16S rRNA Amplicon Sequencing Pipeline [HTCondor + DAGman]
Welcome to the documentation for the 16S rRNA analysis pipeline.
This guide walks you through the setup, execution, and customization of your workflow on CHTC.
Program: This DAGman pipeline is based upon QIIME2 and documentation and utilizes a QIIME2 container. It is meant to be run within HTCondor using a DAGMan workflow manager. Please see the Reference tab in the navigation page for the qiime2 citation.
Purpose: The purpose of this pipeline is to analyze short-read amplicon 16S rRNA sequencing data to characterize the microbiome of the samples. The workflow consists of 8 jobs that build upon one another, and generates outputs that are relevant to general microbiome questions (including but not limited to phylogenetic trees, diversity and taxonomic analyses, and differential abundance testing results). These processes are often time-consuming and complicated, and involve multiple dependencies. By working in HTCondor and DAGman, this pipeline allows researchers to streamline their data analysis in a reproducible and effective manner.

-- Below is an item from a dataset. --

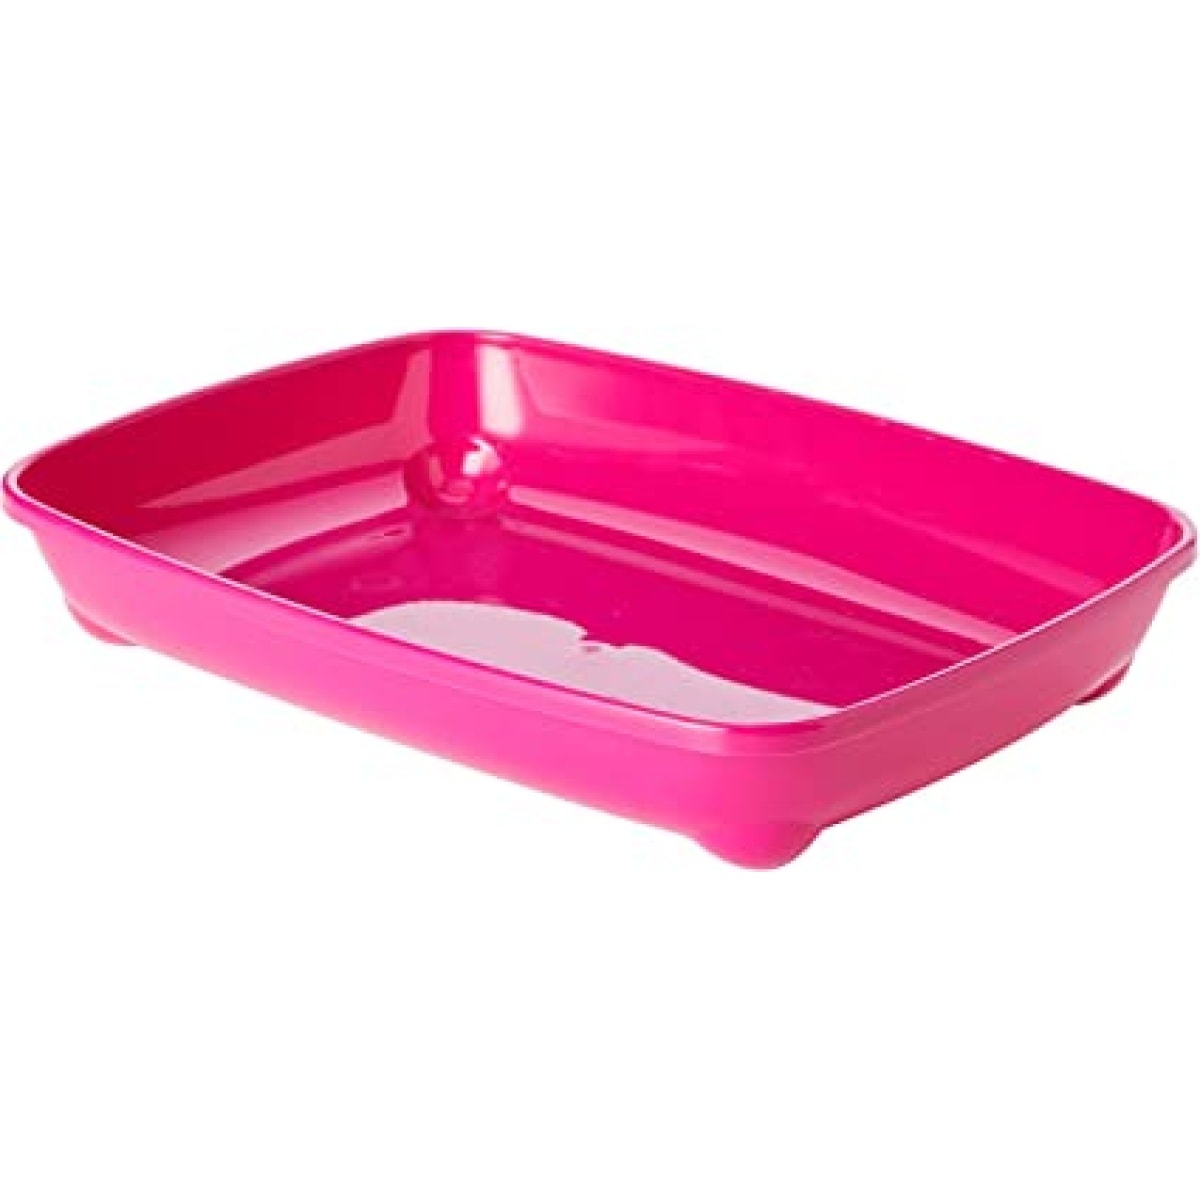 Cat Litter Tray Large - Hot Pink Main Image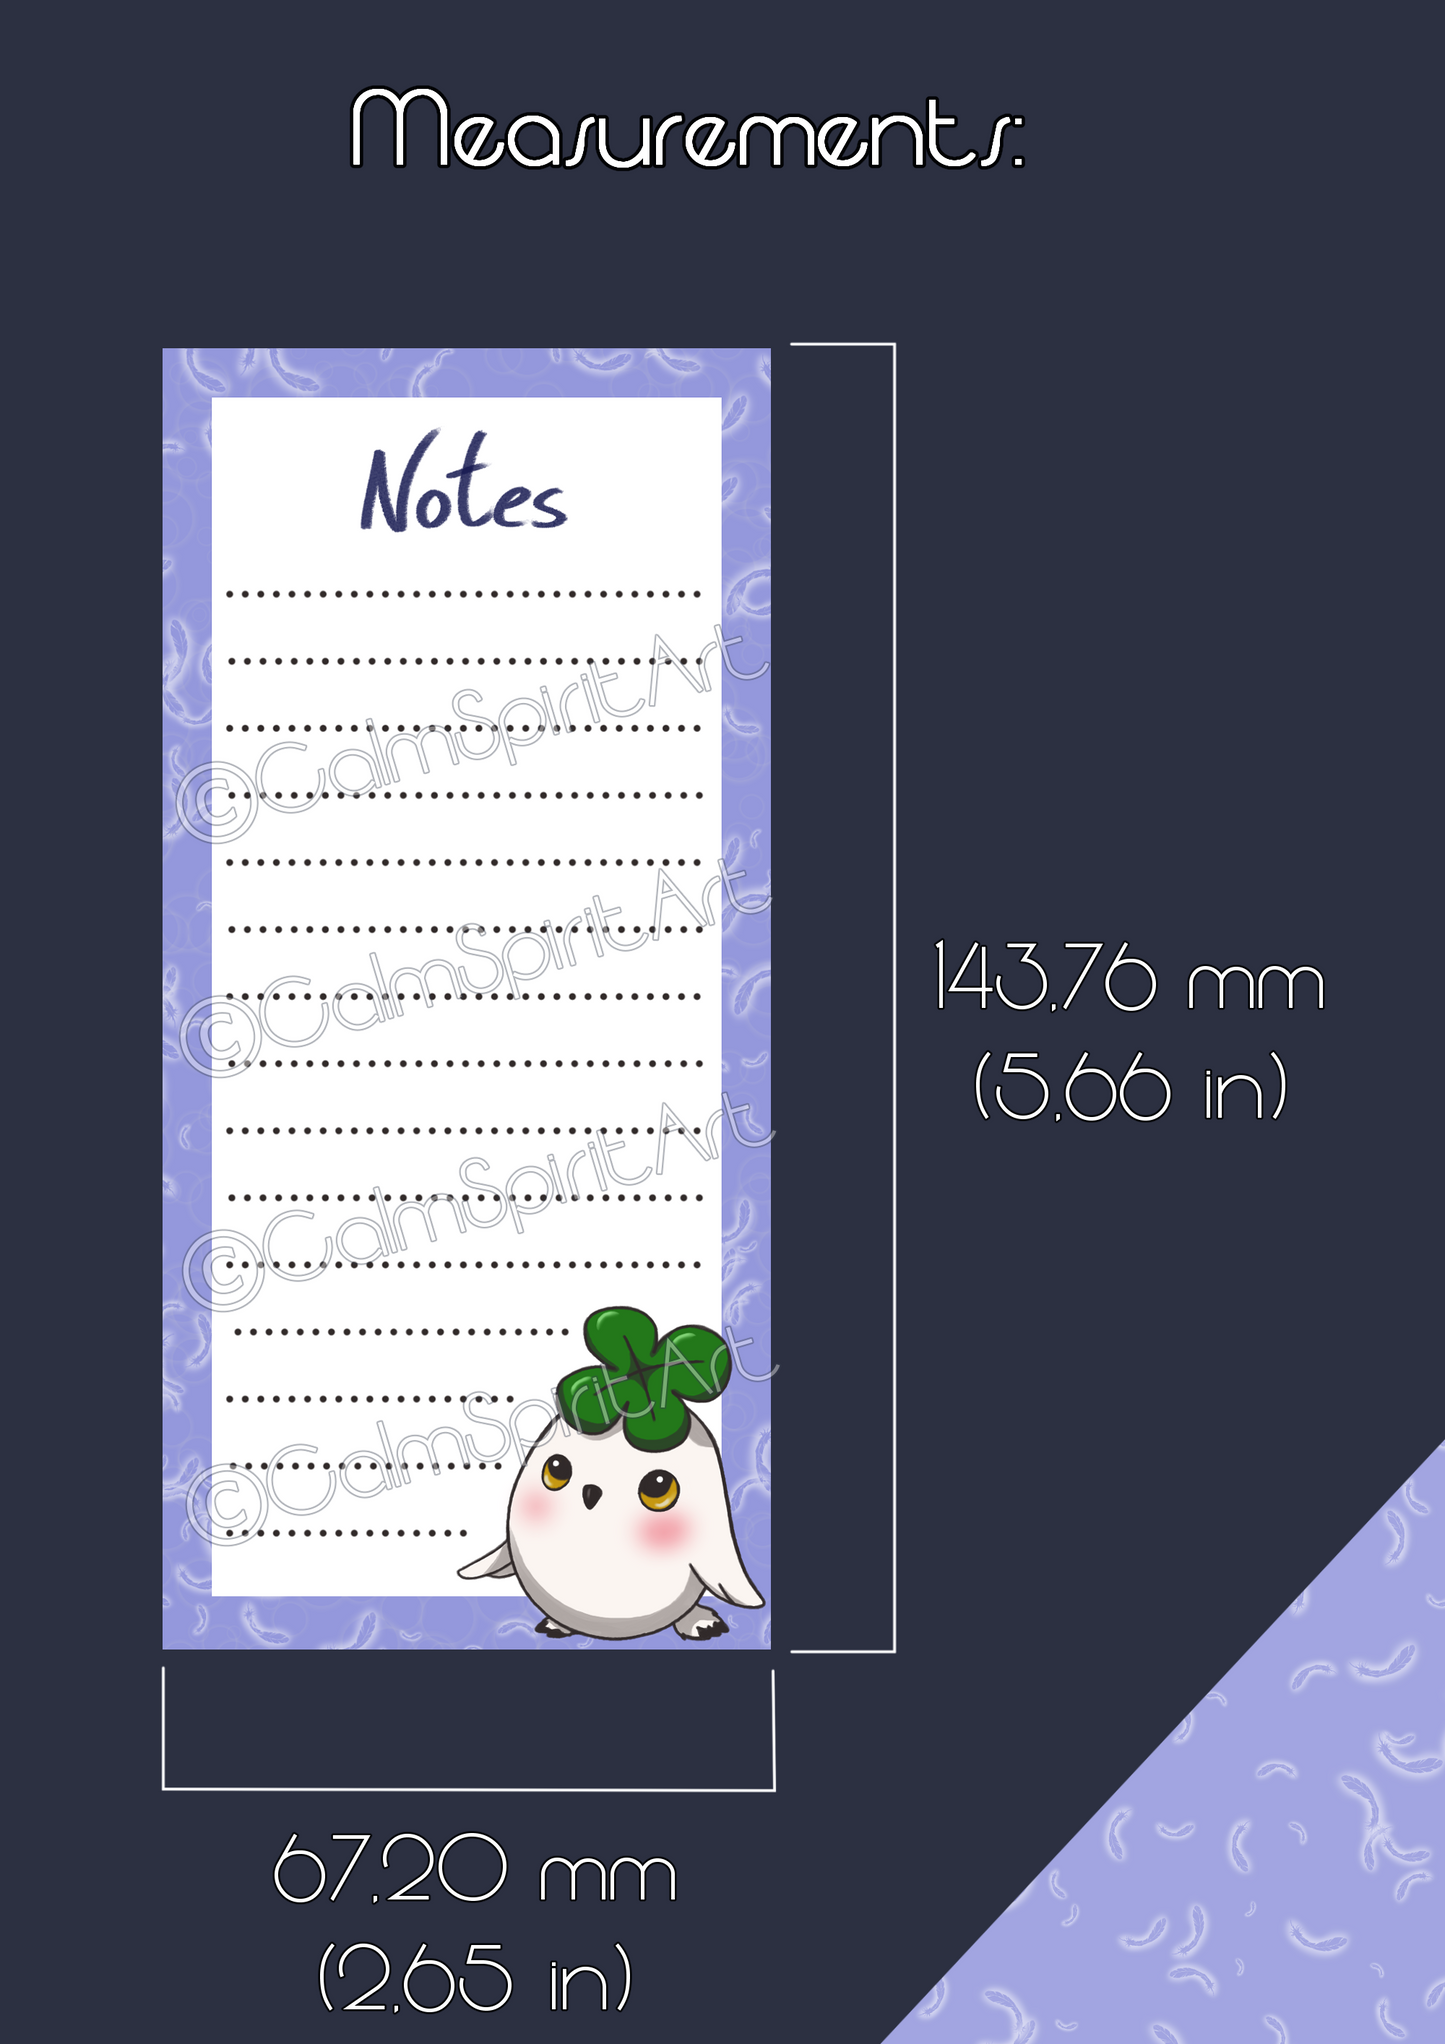 Instant download: Notepad design 2-pack "Timmi & Grumpy" incl. tutorial

Uses: This pipeline can be used to assess bacterial communities and generate visualizations based off of their data. Due to its reproducibility, and modular nature, scripts can be modified as needed for custom analyses. It is highly recommended to consult the documentation listed in References below if one is interested in working with this version.
Diagram with steps of pipeline
Special Considerations
- Do not include any personal information in the data input into the pipeline.
- Please set up a staging folder with CHTC before trying this pipeline. It is meant to process large amounts of data that your home directory may not neccessarily be able to manage.